>>>

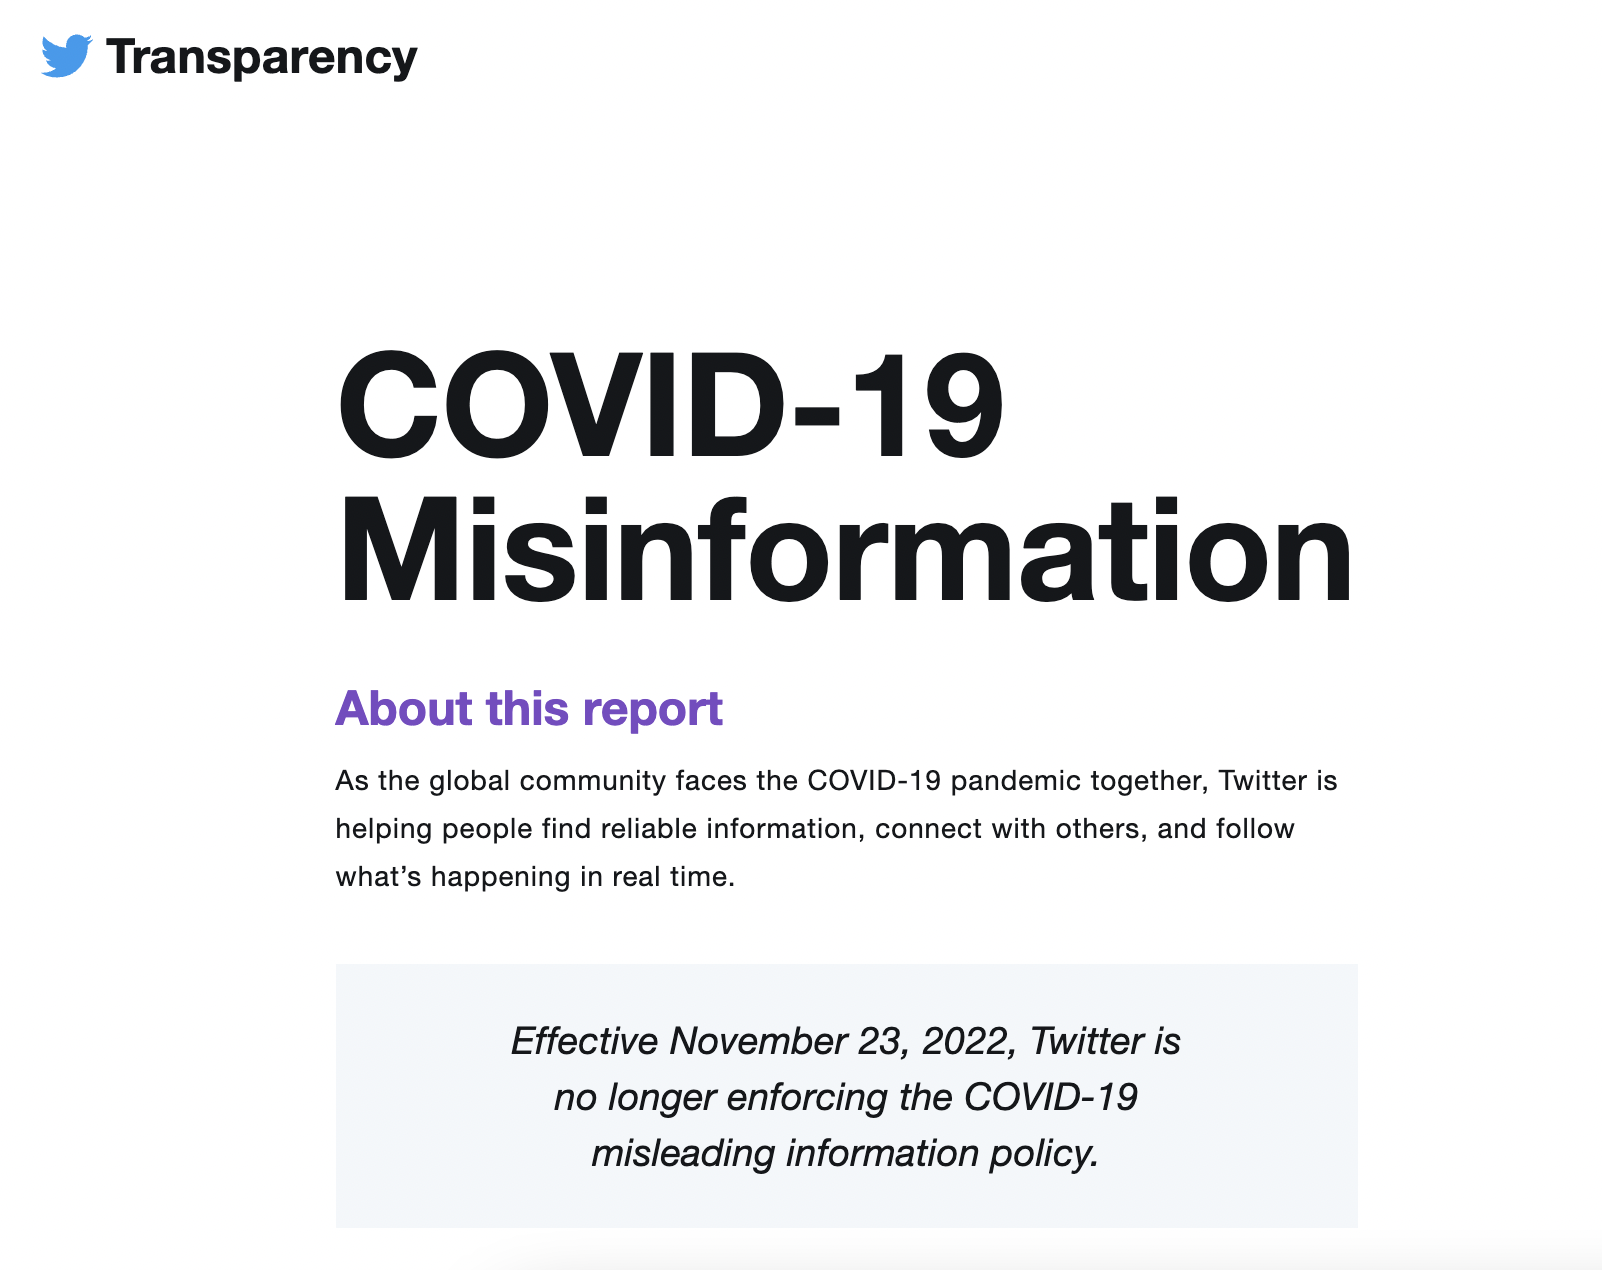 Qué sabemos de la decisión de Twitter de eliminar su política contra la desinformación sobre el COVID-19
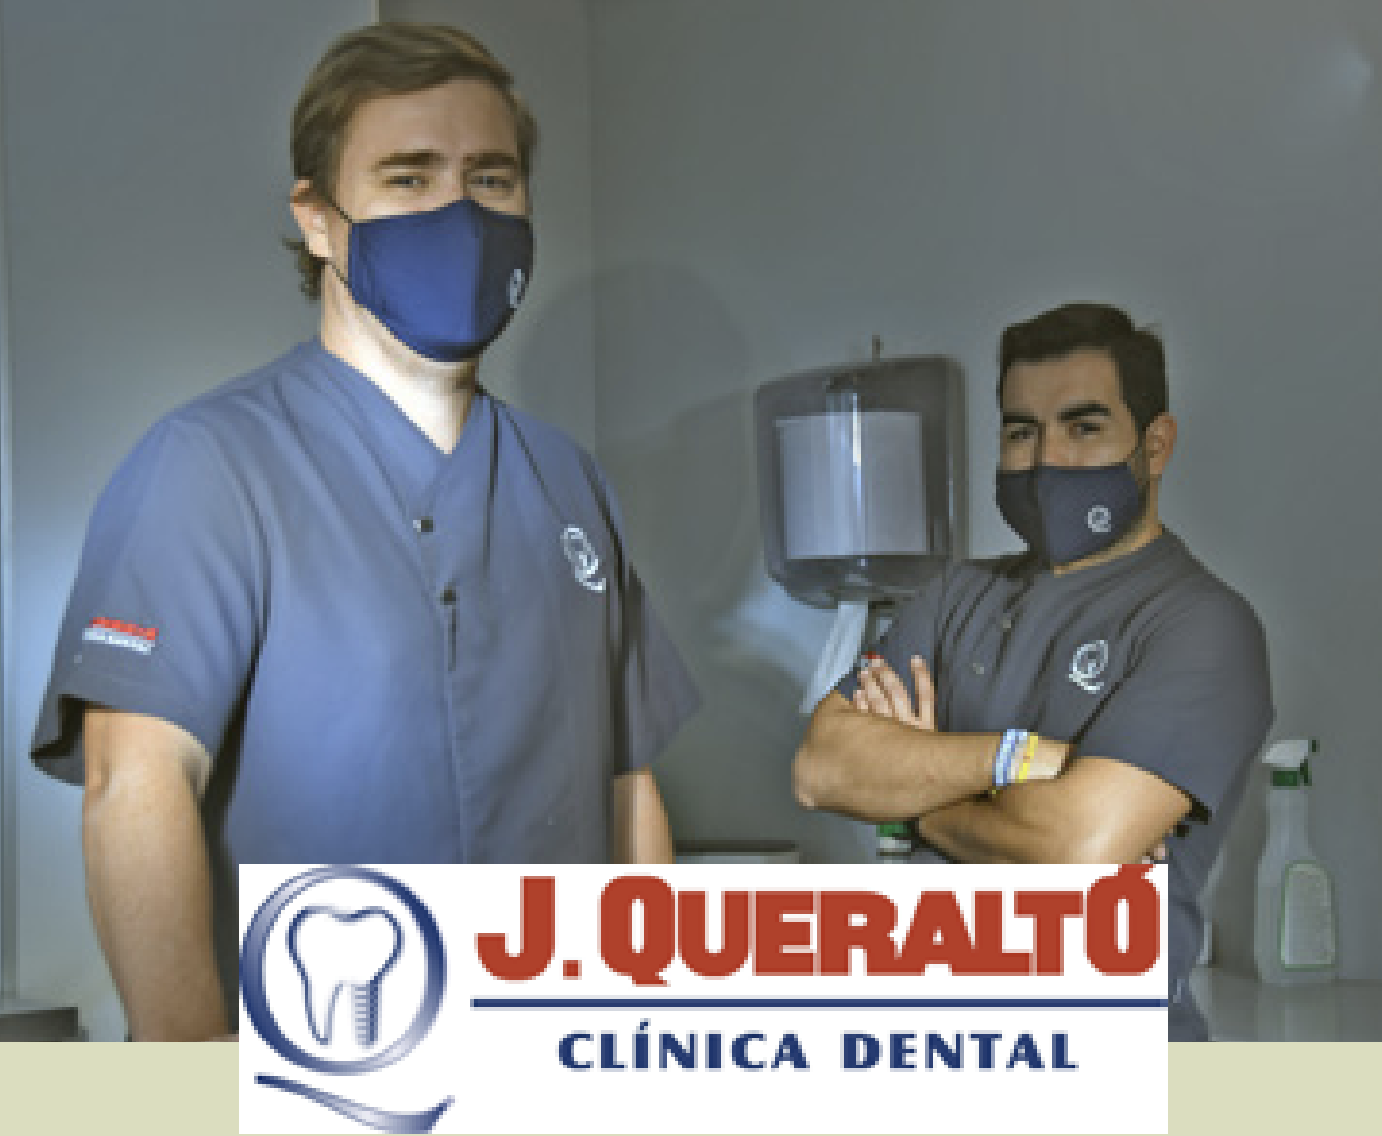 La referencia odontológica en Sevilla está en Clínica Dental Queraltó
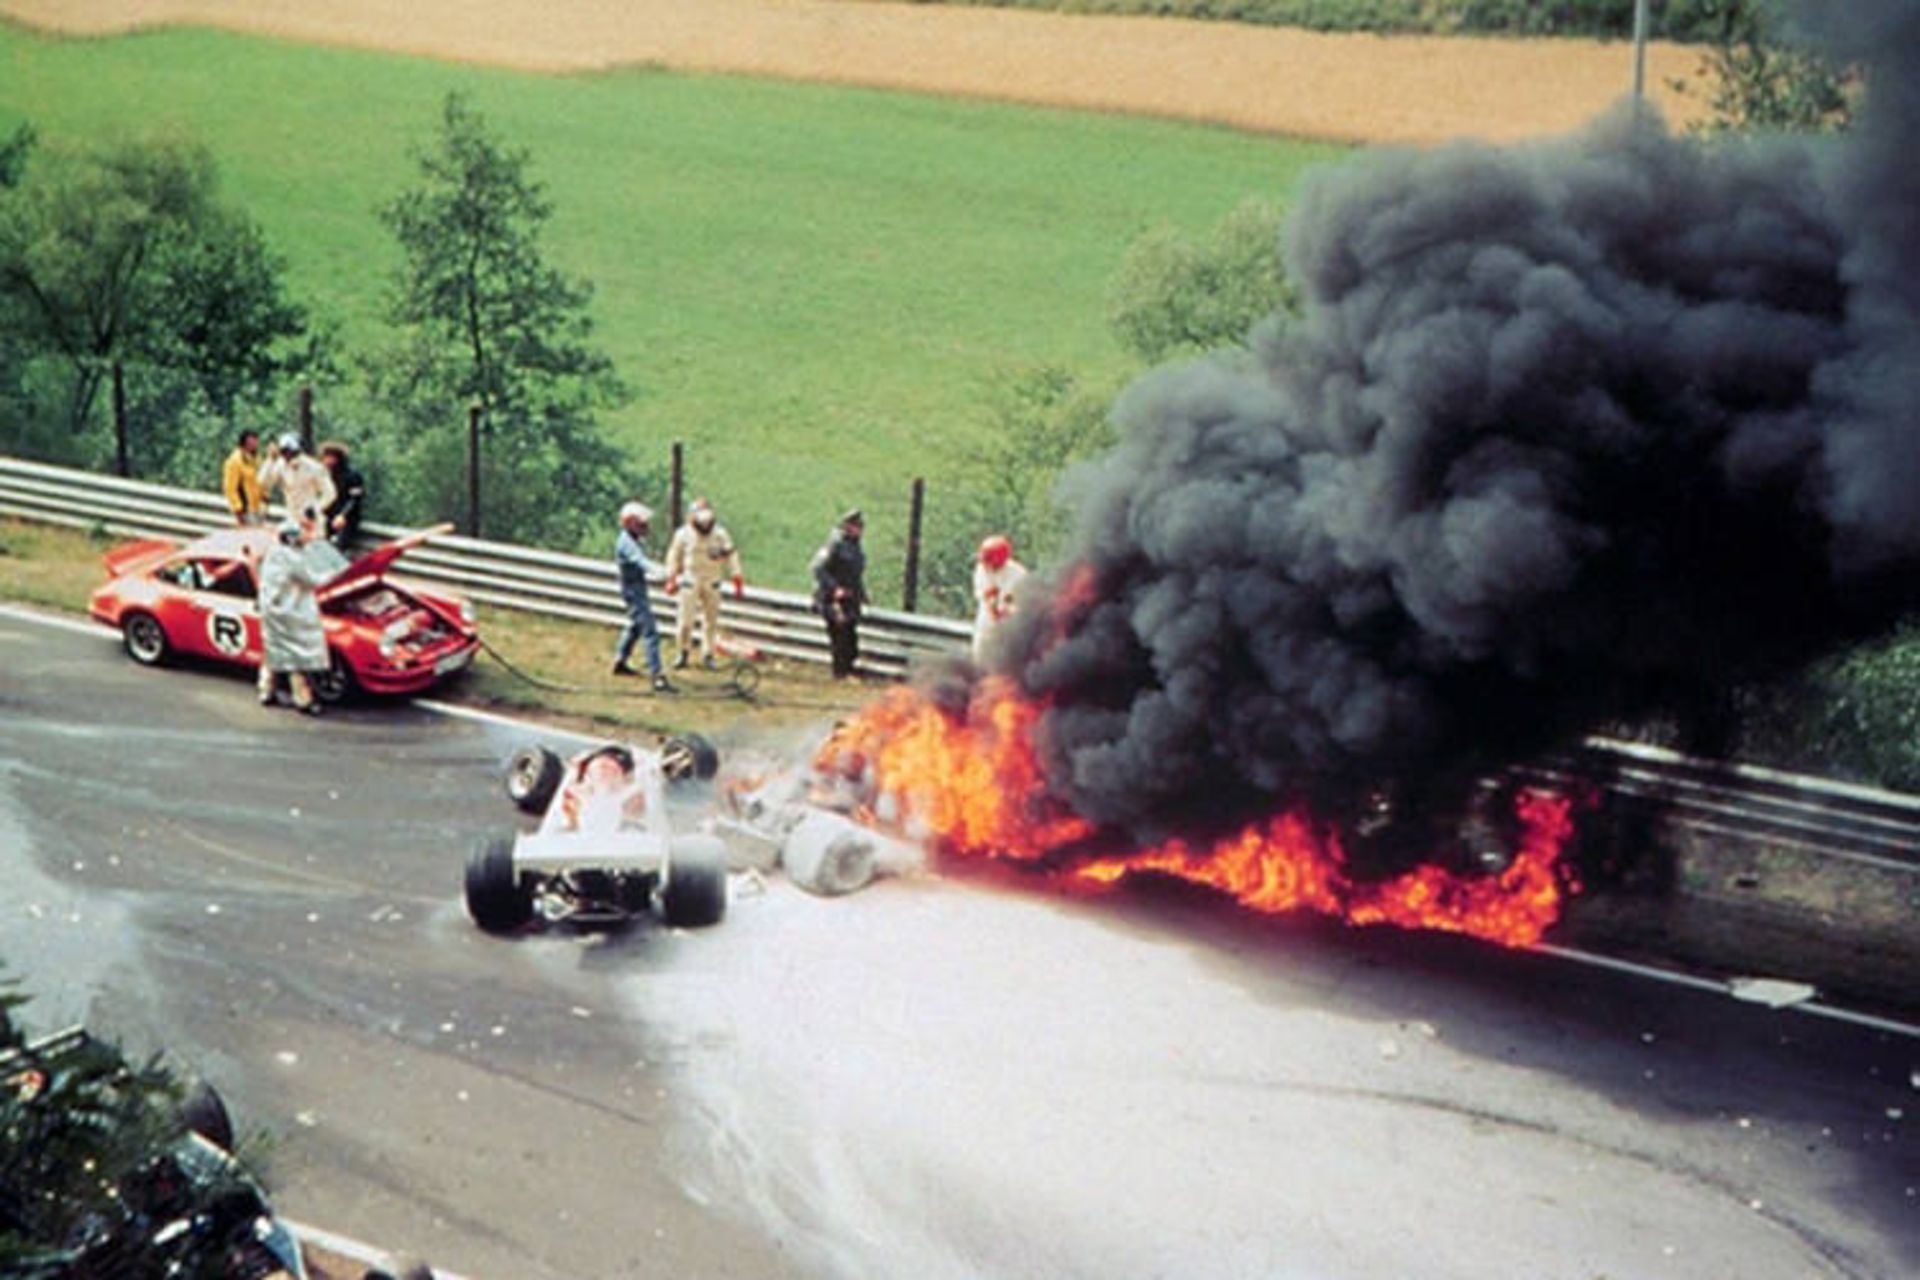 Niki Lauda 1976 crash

<<<

TASK BRIEF: For your answer, write out the data exactly and drop every picture.

OUTPUT OF THE TASK:
 Qué sabemos de la decisión de Twitter de eliminar su política contra la desinformación sobre el COVID-19
 La referencia odontológica en Sevilla está en Clínica Dental Queraltó
 Niki Lauda 1976 crash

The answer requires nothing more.